*Problem description*. Reproduce exactly, leaving out pictures, each line from the one holding "Kailua Vacation Rentals, Seahorse" through the final line of the listing, and add nothing.

===== Data below =====

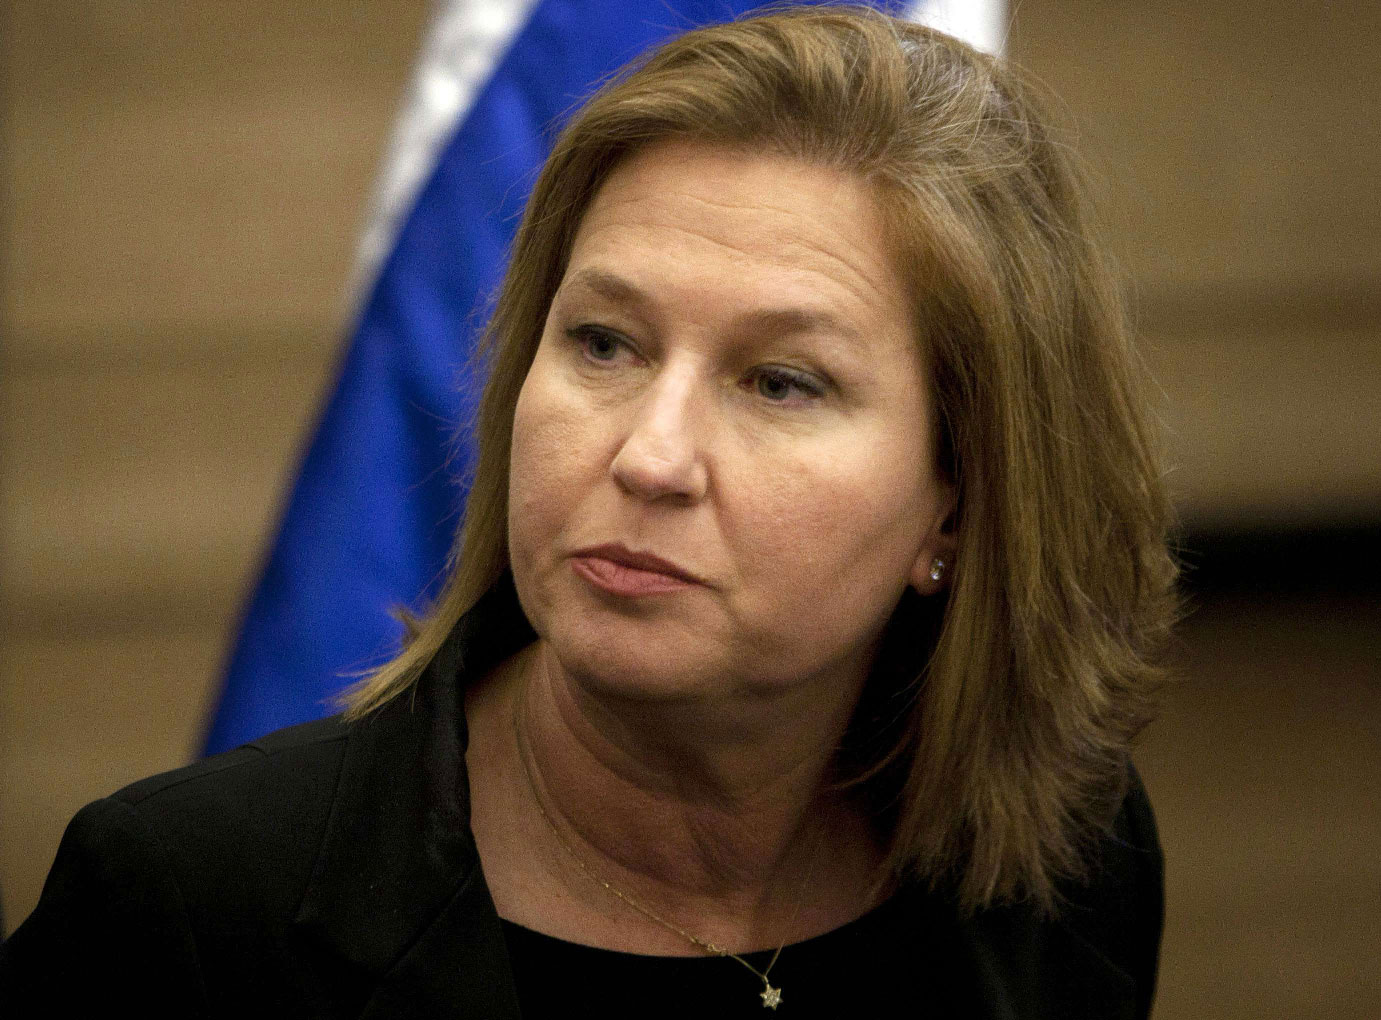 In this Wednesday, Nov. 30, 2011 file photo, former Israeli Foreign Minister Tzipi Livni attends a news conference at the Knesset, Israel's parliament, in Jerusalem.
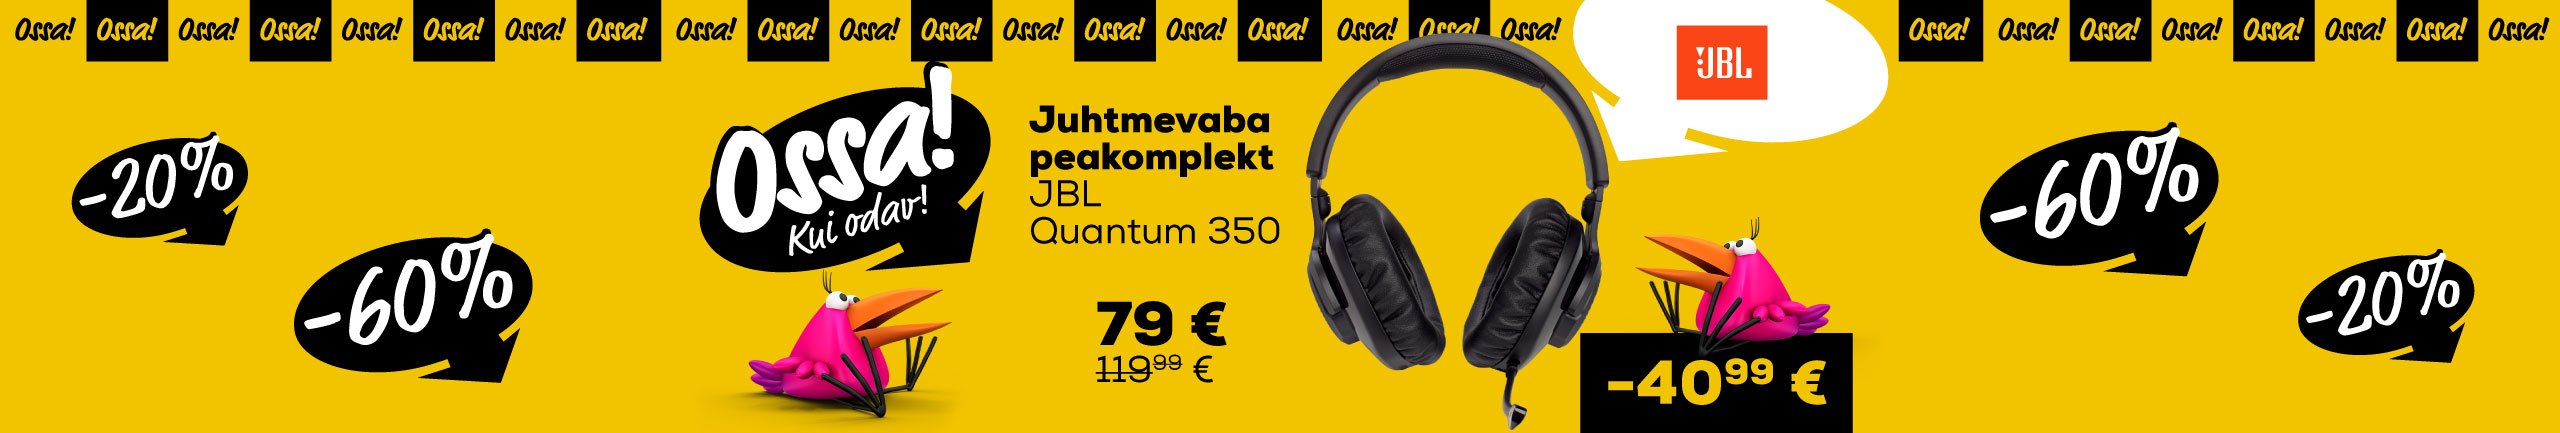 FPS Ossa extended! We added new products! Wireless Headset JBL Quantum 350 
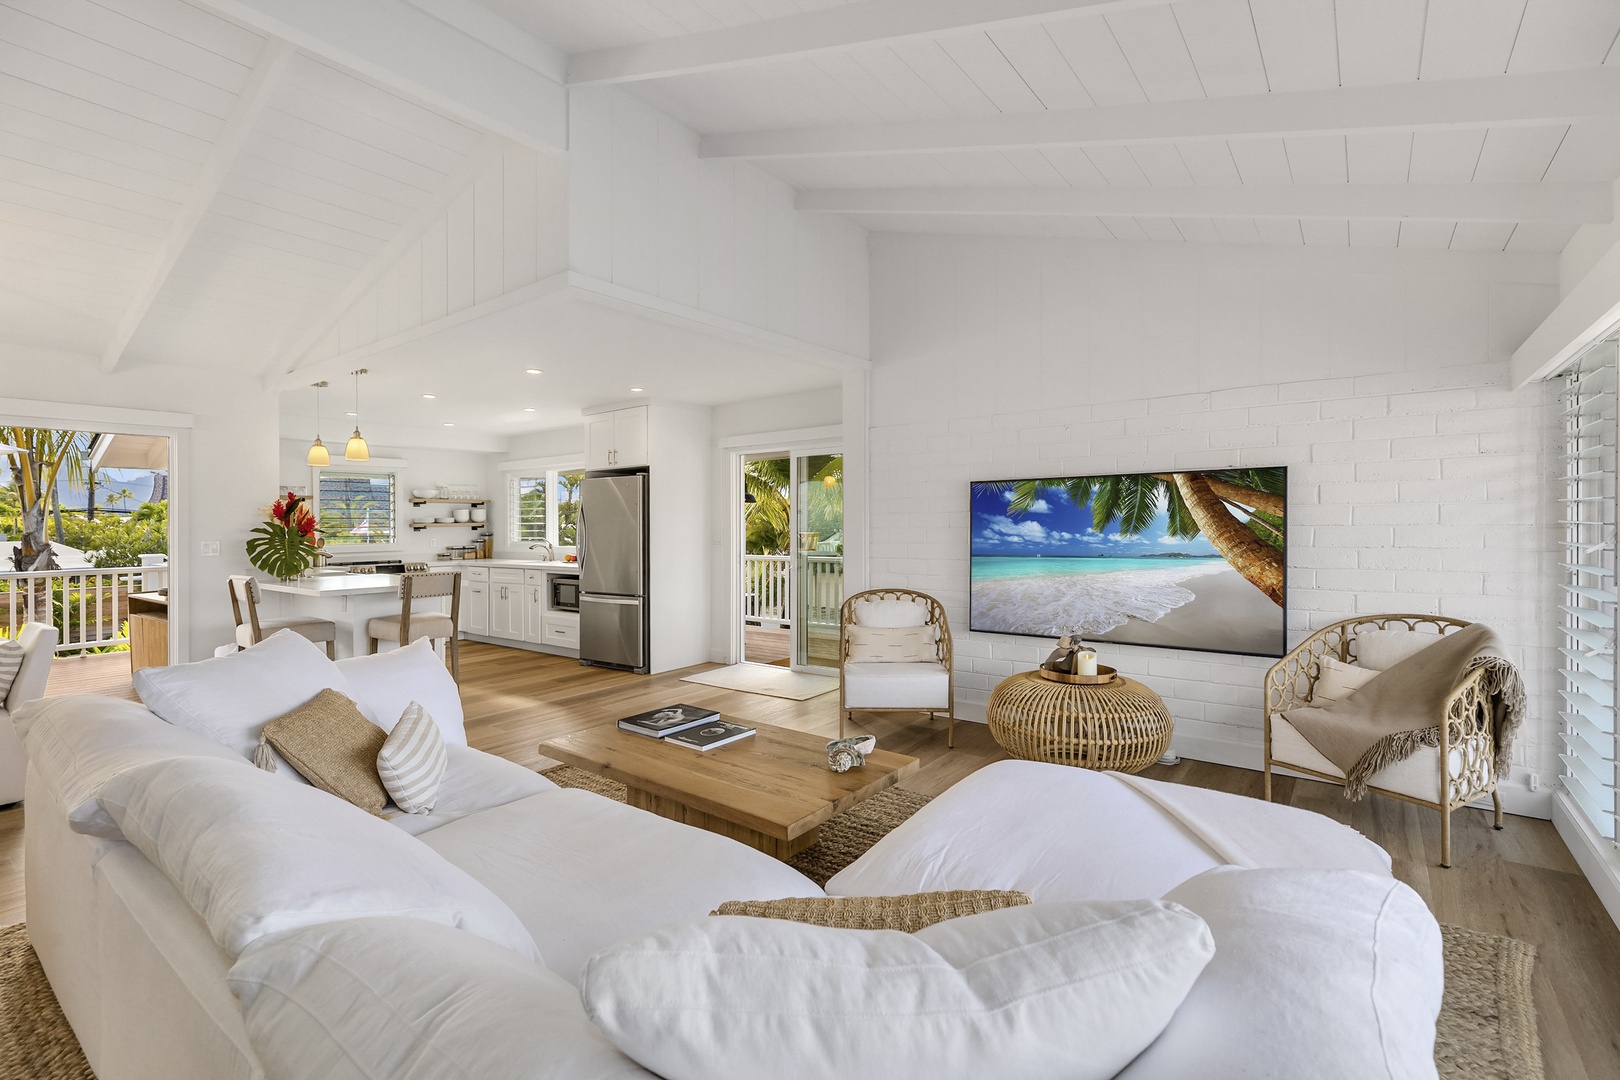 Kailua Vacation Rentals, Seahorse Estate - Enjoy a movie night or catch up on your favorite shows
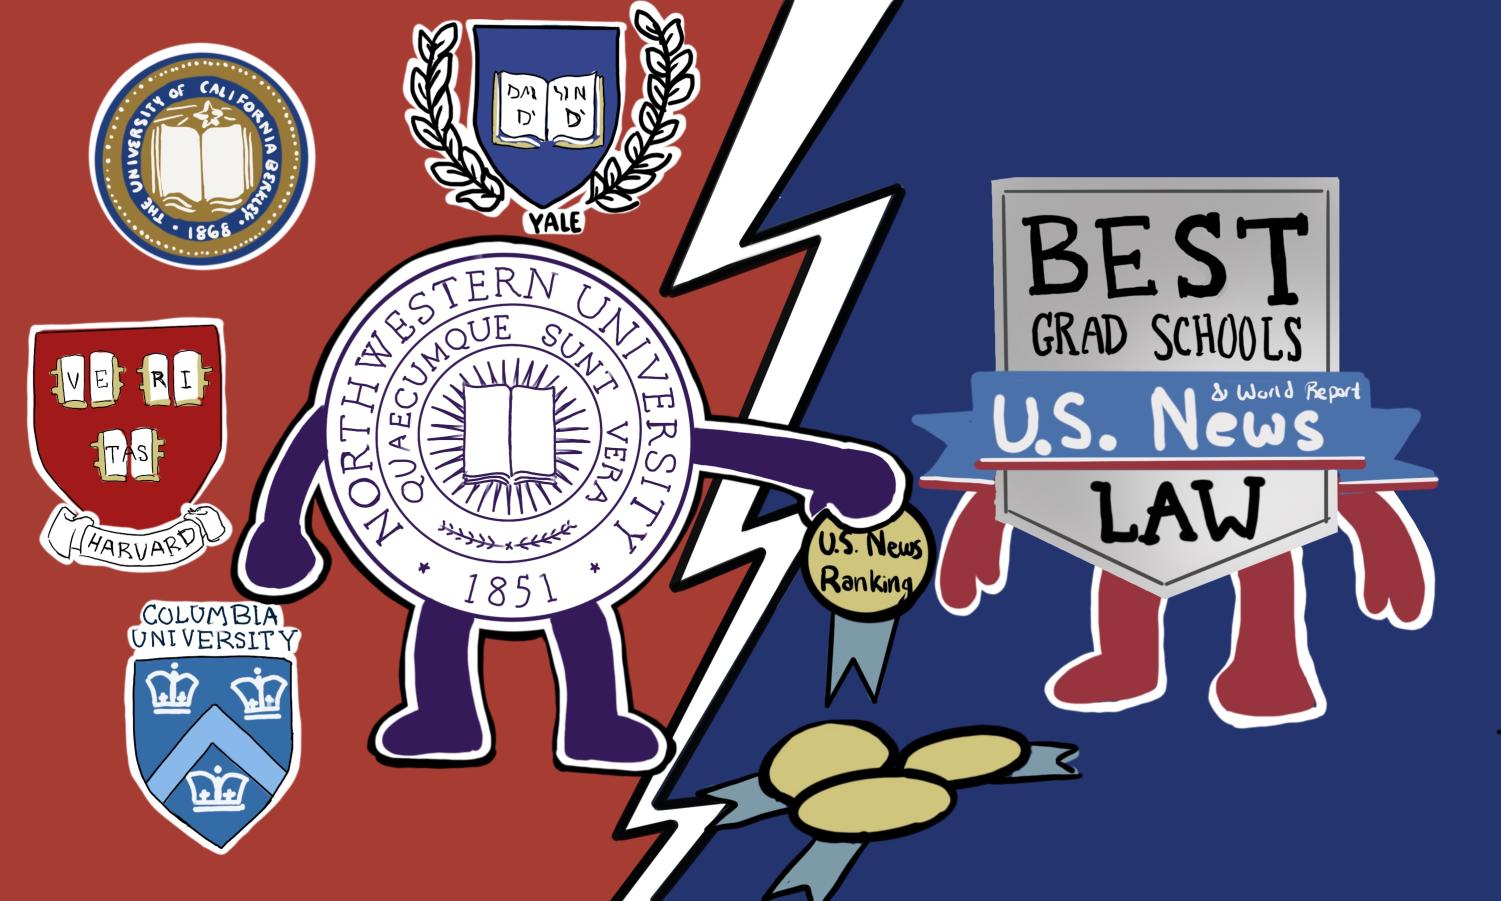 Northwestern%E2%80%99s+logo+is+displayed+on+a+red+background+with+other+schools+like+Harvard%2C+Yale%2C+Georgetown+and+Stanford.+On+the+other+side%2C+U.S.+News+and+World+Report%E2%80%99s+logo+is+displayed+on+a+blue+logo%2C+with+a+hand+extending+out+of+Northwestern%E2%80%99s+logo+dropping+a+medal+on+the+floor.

=====

*Task result*.
 Kailua Vacation Rentals, Seahorse Estate - Enjoy a movie night or catch up on your favorite shows
 Northwestern%E2%80%99s+logo+is+displayed+on+a+red+background+with+other+schools+like+Harvard%2C+Yale%2C+Georgetown+and+Stanford.+On+the+other+side%2C+U.S.+News+and+World+Report%E2%80%99s+logo+is+displayed+on+a+blue+logo%2C+with+a+hand+extending+out+of+Northwestern%E2%80%99s+logo+dropping+a+medal+on+the+floor.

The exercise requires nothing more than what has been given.